My python code:
import pandas as pd
student_dict = {
"ID":[101,102,103,104,105],
"Student":["AAA","BBB","CCC","DDD","EEE"],
"Mark":[50,100,99,60,80],
"Address":["St.AAA","St.BBB","St.CCC","St.DDD","St.EEE"],
"PhoneNo":[1111111111,2222222222,3333333333,4444444444,5555555555]
}
df = pd.DataFrame(student_dict)
print("First dataframe")
print(df)
fName = "Student_CSVresult.csv"
def dups(df):
df = df.drop_duplicates(keep=False)
return df
try:
data = pd.read_csv(fName)
print("CSV file data")
print(data)
df_merged = pd.concat([data, df])
df = dups(df_merged)
print("After removing dups")
print(df)
df.to_csv(fName, mode='a', index=False,header=False)
except FileNotFoundError:
print("File Not Found Error")
df = df.drop_duplicates()
df.to_csv(fName, index=False)
print("New file created and data imported")
except Exception as e:
print(e)
on the first run, all data was imported without any copies.

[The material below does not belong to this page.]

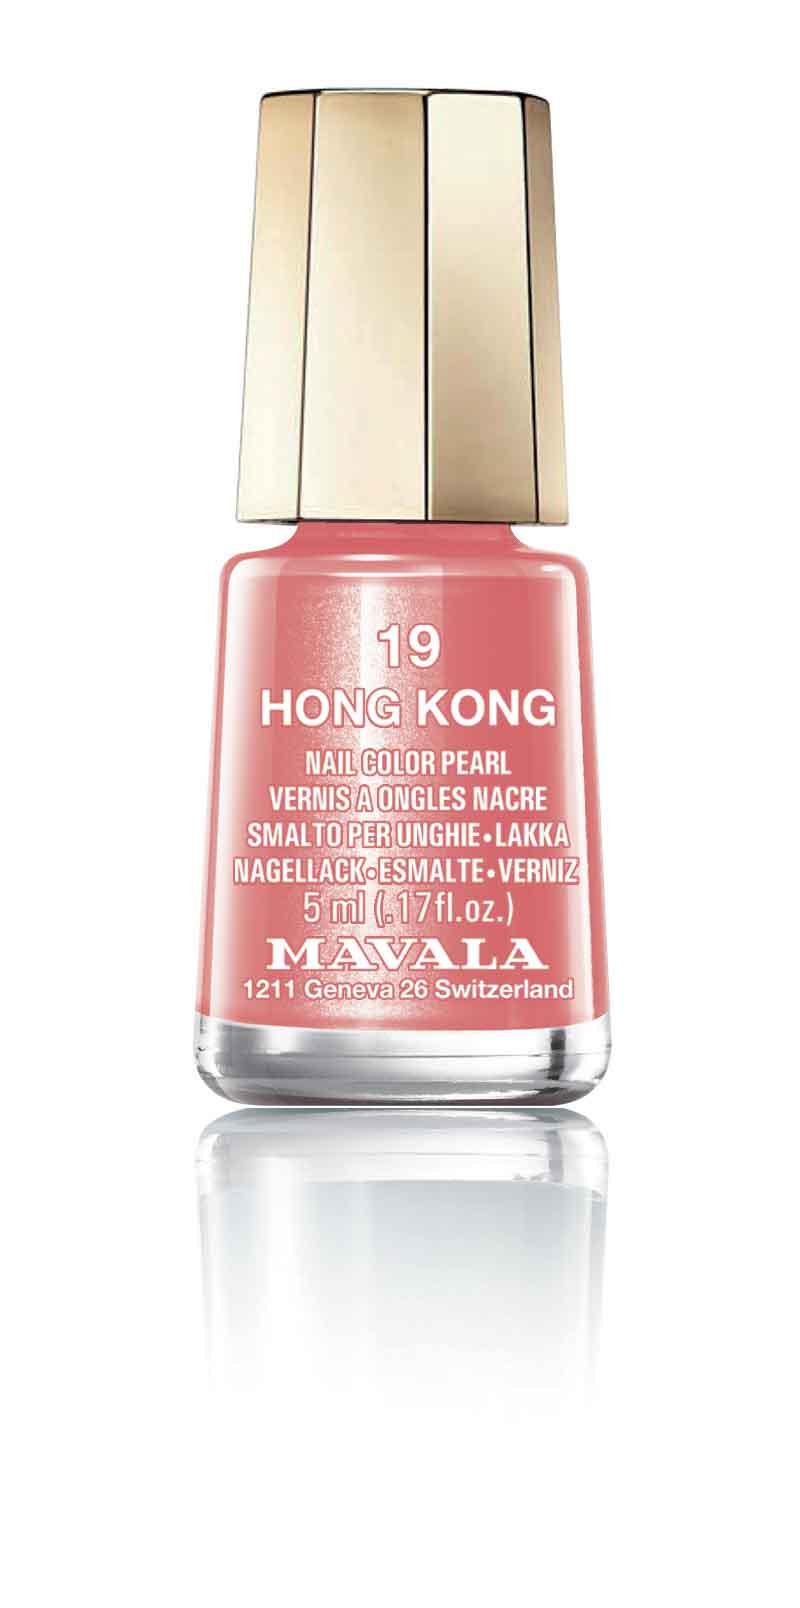 19 HONG KONG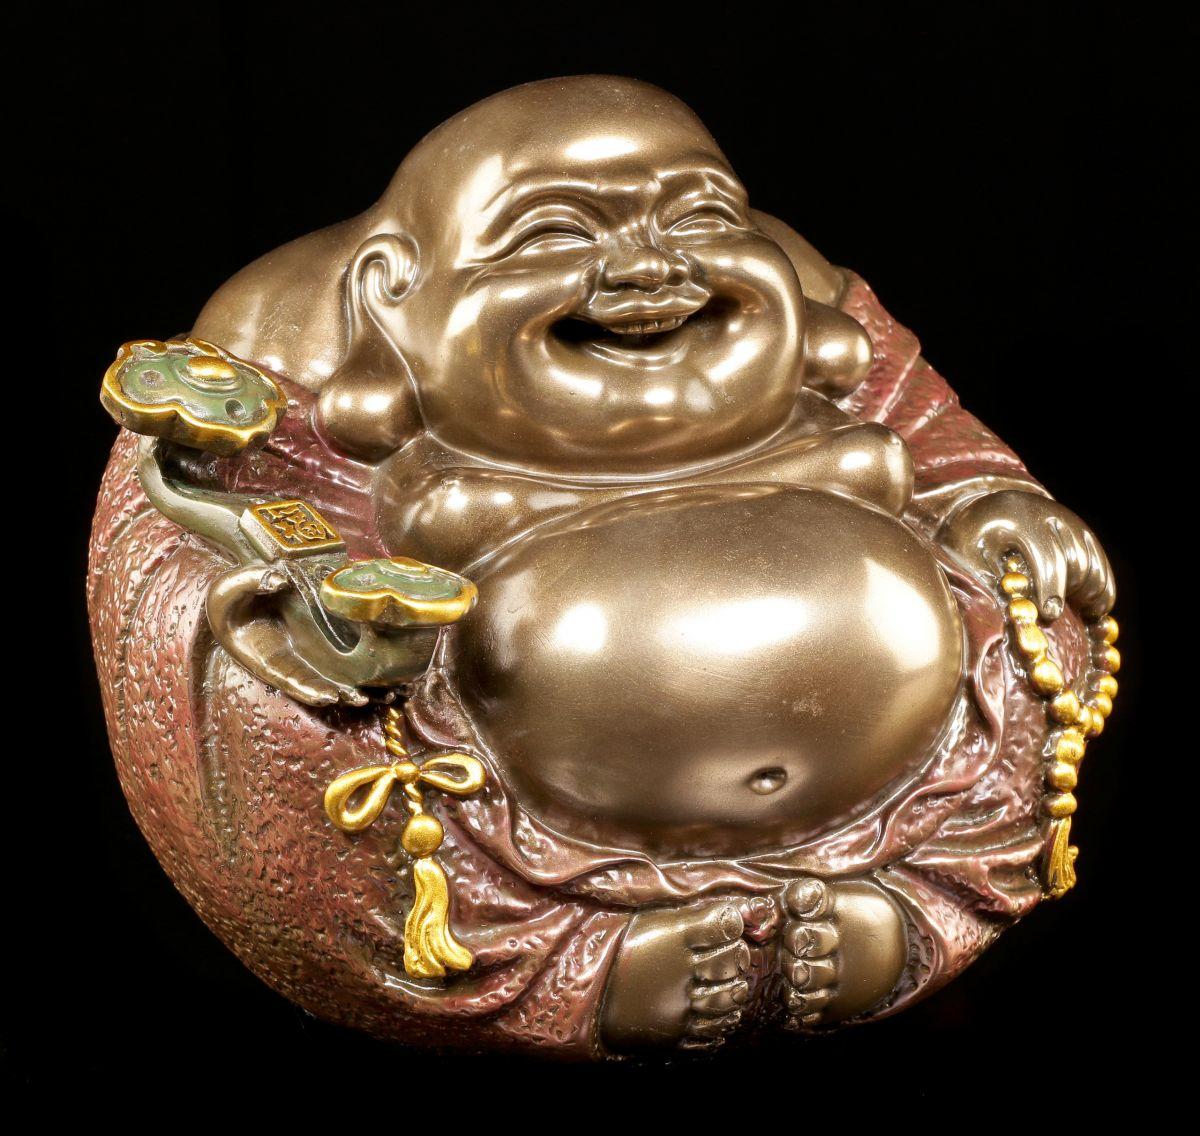 maitreya buddha figure present laughing thick belly ebay. Black Bedroom Furniture Sets. Home Design Ideas

I gave a different dataframe in the next run
student_dict = {
"ID":[101,102,103,104,105,101,102,103,104,105,106,107],
"Student":["AAA","BBB","CCC","DDD","EEE","AAA","BBB","CCC","DDD","EEE","YYY","ZZZ"],
"Mark":[50,100,99,60,80,50,100,99,60,80,100,80],
"Address":["St.AAA","St.BBB","St.CCC","St.DDD","St.EEE","St.AAA","St.BBB","St.CCC","St.DDD","St.EEE","St.AYE","St.ZZZ"],
"PhoneNo":[1111111111,2222222222,3333333333,4444444444,5555555555,1111111111,2222222222,3333333333,4444444444,5555555555,6666666666,7777777777]
}
also no issues, then I gave the first dataframe again.
student_dict = {
"ID":[101,102,103,104,105],
"Student":["AAA","BBB","CCC","DDD","EEE"],
"Mark":[50,100,99,60,80],
"Address":["St.AAA","St.BBB","St.CCC","St.DDD","St.EEE"],
"PhoneNo":[1111111111,2222222222,3333333333,4444444444,5555555555]
}
and it created copies
Can someone help me how to solve this issue? i don't want to overwrite the main file(Student_CSVresult.csv
), just append only
also, is there any way to create a new column in the file that will auto-capture the timestamp of the data entry?